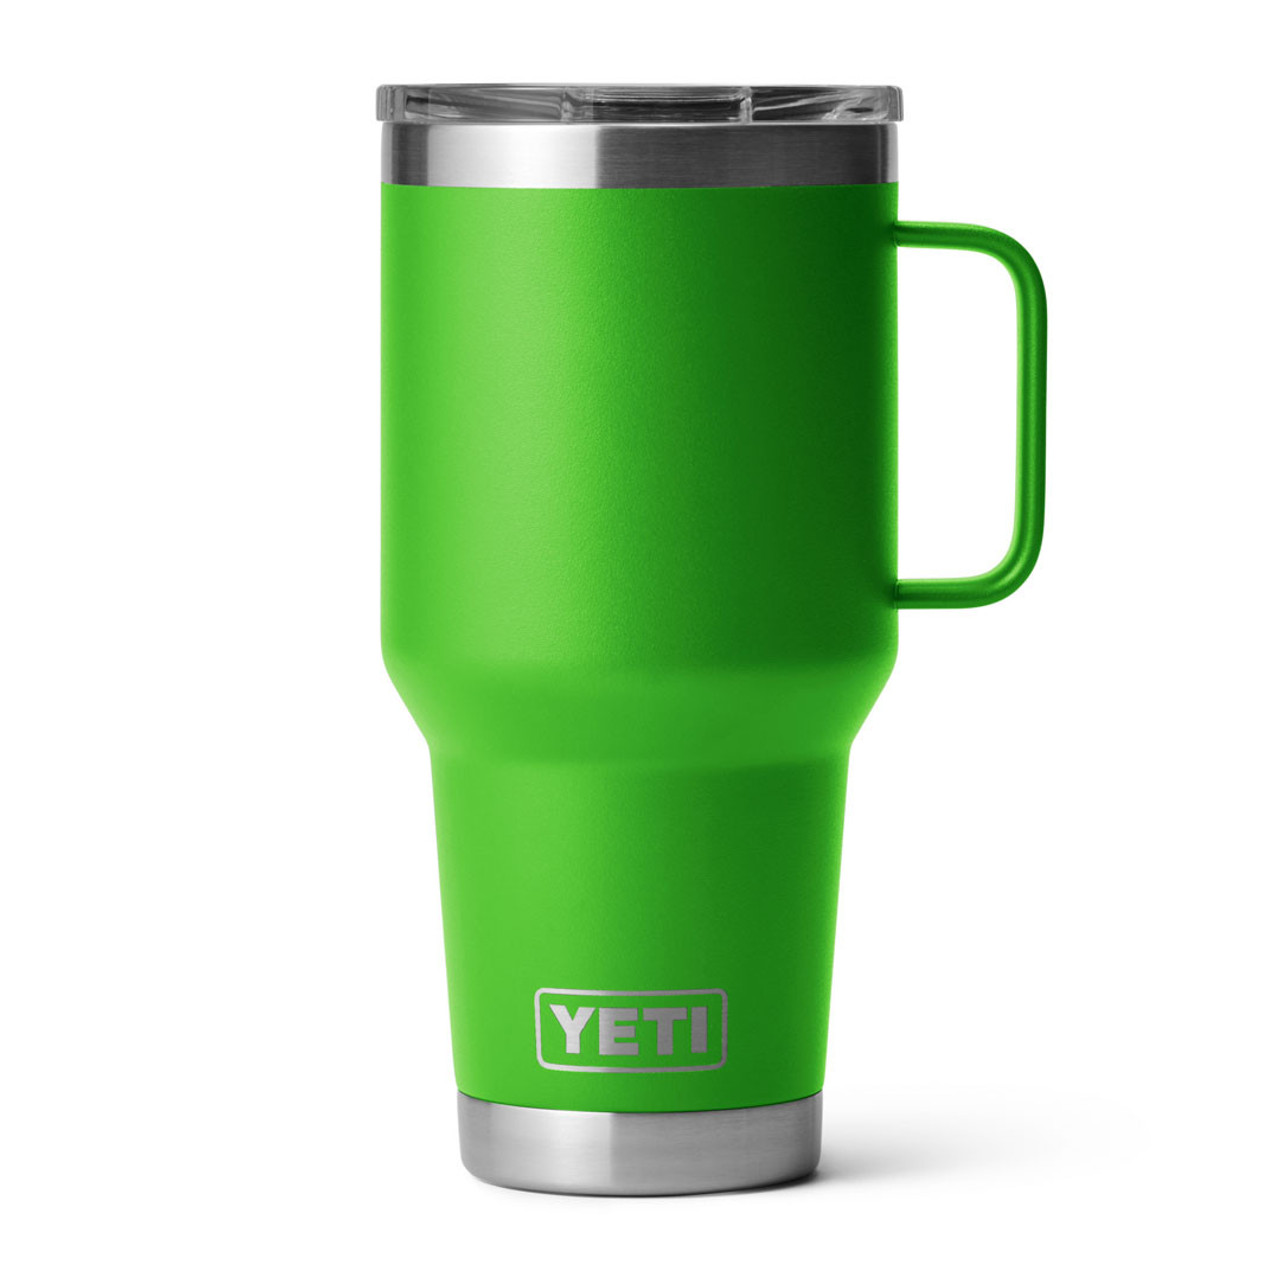 Yeti Rambler Tumbler Review - Is it the Best Yeti Coffee Travel
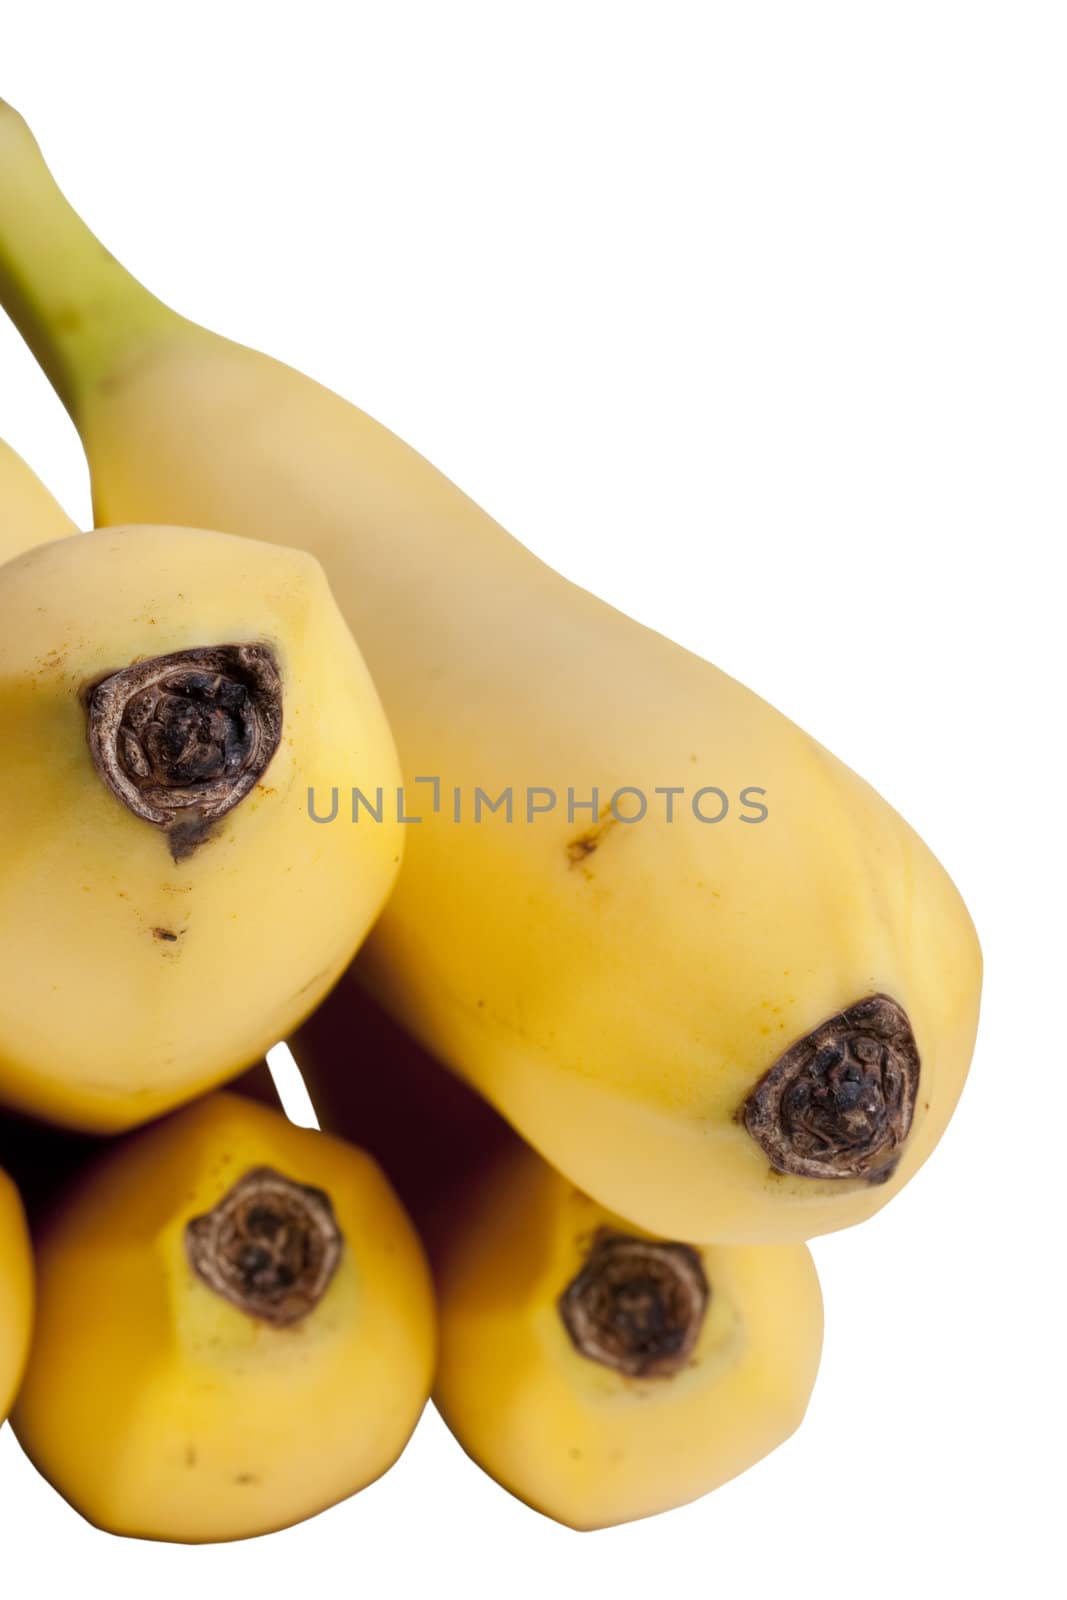 Ripe yellow bananas on a white background.
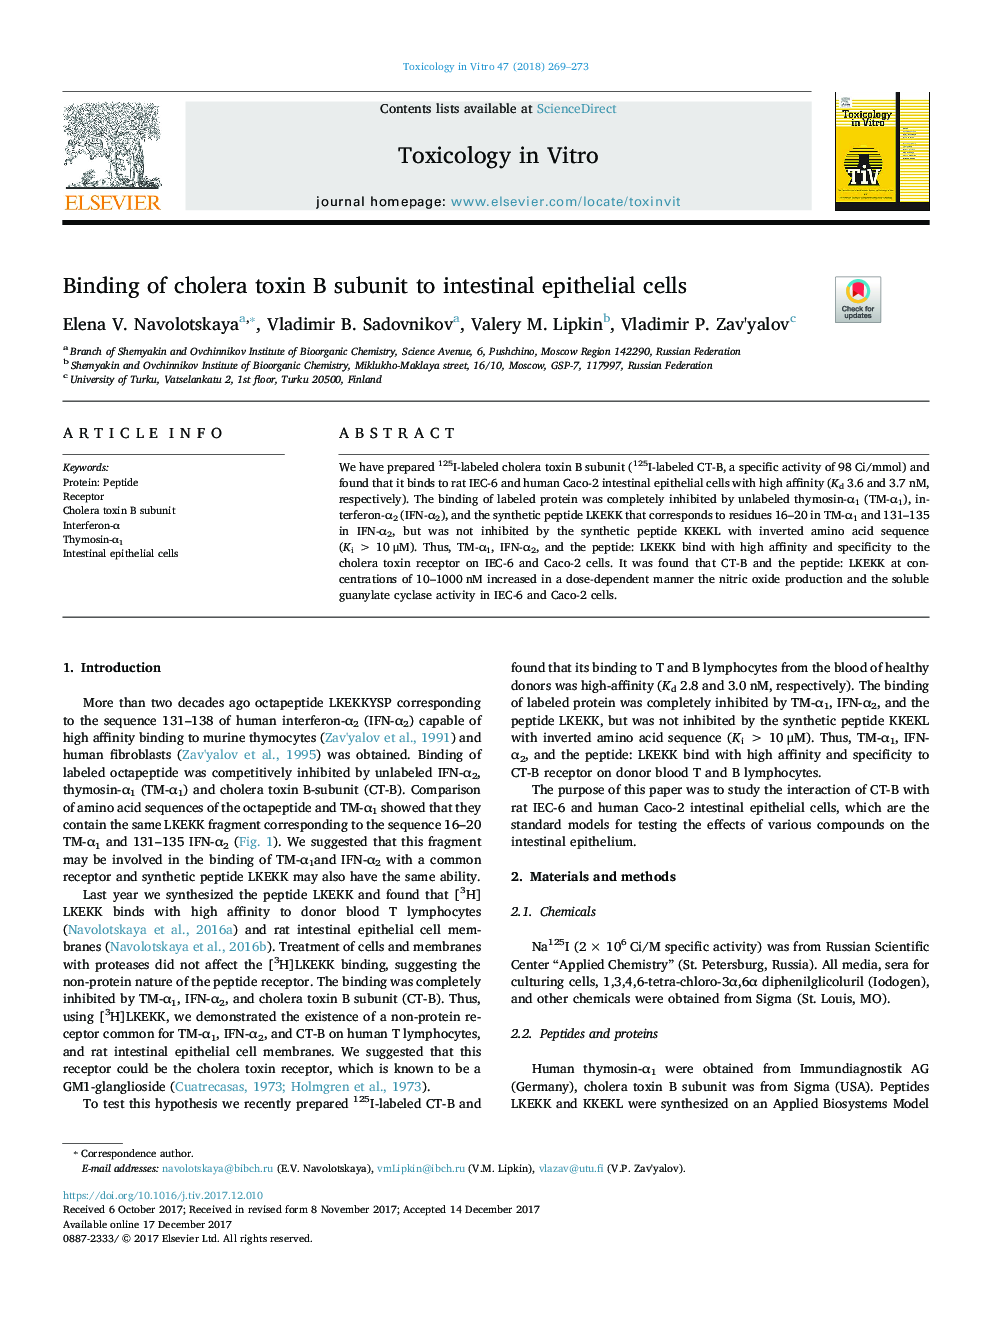 Binding of cholera toxin B subunit to intestinal epithelial cells

━━━━

▸ **Exercise requirements**
Working from the lines above, reproduce the material exactly and exclude its pictures.

▸ **Written response**
 Yeti Rambler Tumbler Review - Is it the Best Yeti Coffee Travel
 Ripe yellow bananas on a white background.
 Binding of cholera toxin B subunit to intestinal epithelial cells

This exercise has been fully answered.